6) Can you ask about an employee’s vaccine status and keep a record of it?

Vaccine status is a form of special category data under the Data Protection Act. In order to process vaccine status, you must have an individual’s explicit consent and a lawful basis for processing. Consent forms and well drafted data protection policies are a must.

Although you can process this data, you must be careful to ensure that employees aren’t treated unfairly if they haven’t been vaccinated as this may be discriminatory depending on their reason for refusing the vaccine.

7) How many flexible working requests can an employee make in any 12-month period?

Subject to having at least 26 weeks’ continuous employment an employee is only entitled to make one flexible working request in any 12-month period.

8) On what grounds can you refuse a flexible working request?

There are a finite number of reasons that will justify the refusal of a flexible working request these are:

– the burden of additional costs;

– detrimental effect on ability to meet customer demand;

– inability to reorganise work among existing staff;

– inability to recruit additional staff;

– detrimental impact on quality;

– detrimental impact on performance;

– insufficiency of work during the periods the employee proposes to work; or

– planned structural changes.

You should not refuse a request just on the basis of a reasons above though, you will need to demonstrate why any of the above apply.

9) If an employee is signed off work after you commence a disciplinary or capability procedure, can you continue that process?

In short, yes. However, the process may take a little longer and depending on the reason for their absence you may need to consider making adjustments, for example:

– extending the right to a companion to their family member;

– offering to meet in a neutral place;

– arranging to have regular breaks; or

– offering for them to provide submissions in writing.

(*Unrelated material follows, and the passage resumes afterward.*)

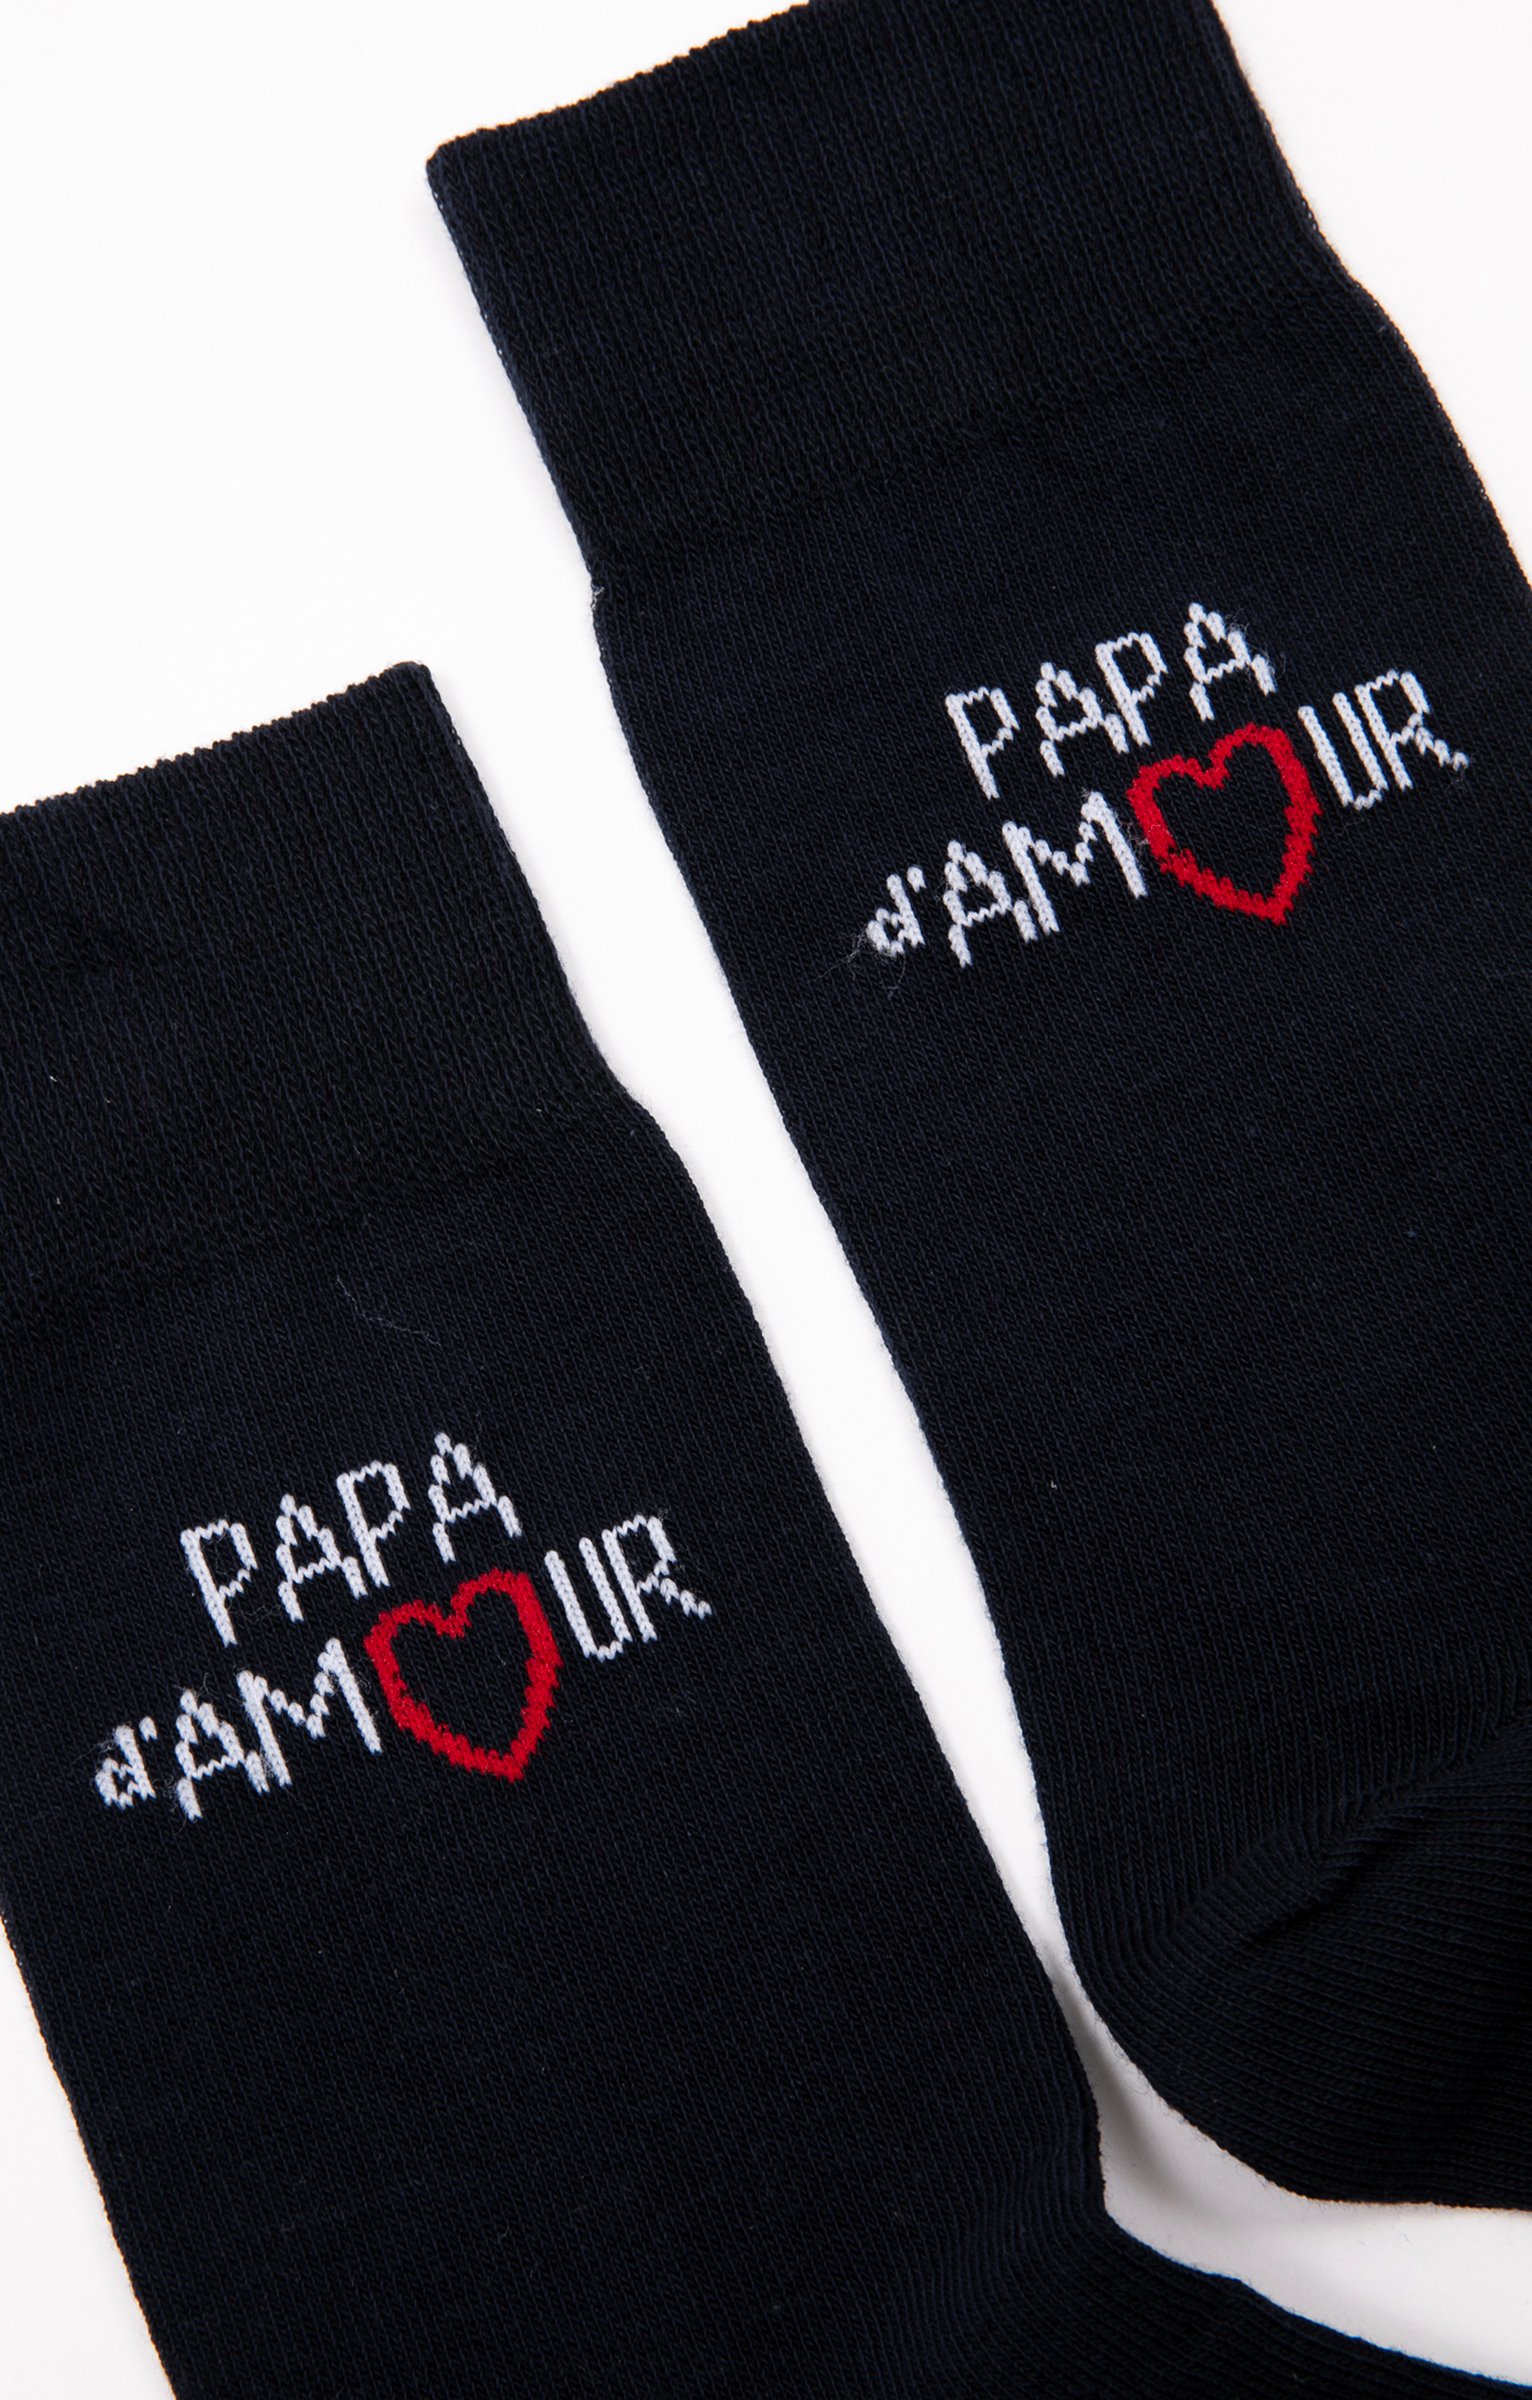 Chaussettes papa d'amour - 3,19€ - Armand Thiery

10) Are you still responsible for the health and safety of staff working from home?

Employers are responsible for ensuring a safe working environment for staff regardless of where they work.

If you’re introducing flexible working or homeworking on a permanent basis you need to ensure that staff have appropriate health and safety measures in place. We recommended discussing homeworking setups with staff and producing a risk assessment for each individual’s home environment.

11) If your employees discriminate against or harass another person (such as a colleague, client or, supplier), can you be held liable for their conduct?

You can. This is known as vicarious liability.

Under the Equality act 2010 employers can be vicariously liable for an employee’s discriminatory acts and must take reasonable steps to prevent discrimination and harassment in the workplace. If you don’t have equal opportunities training and an equal opportunities policy in place, it may be quite difficult to demonstrate that you have taken reasonable steps.

12) Can disciplinary or capability processes be used interchangeably?

No. Disciplinary and capability processes are distinct and designed to deal with very different employment issues.

A disciplinary matter should only be used to deal with an employee’s poor behaviour and conduct. A capability issue will arise where an employee lacks skills, training, or experience, or is too sick for a return to work to be feasible.

We like to say that capability processes are for when an employee can’t do what they’re being asked, and a disciplinary is for when they won’t.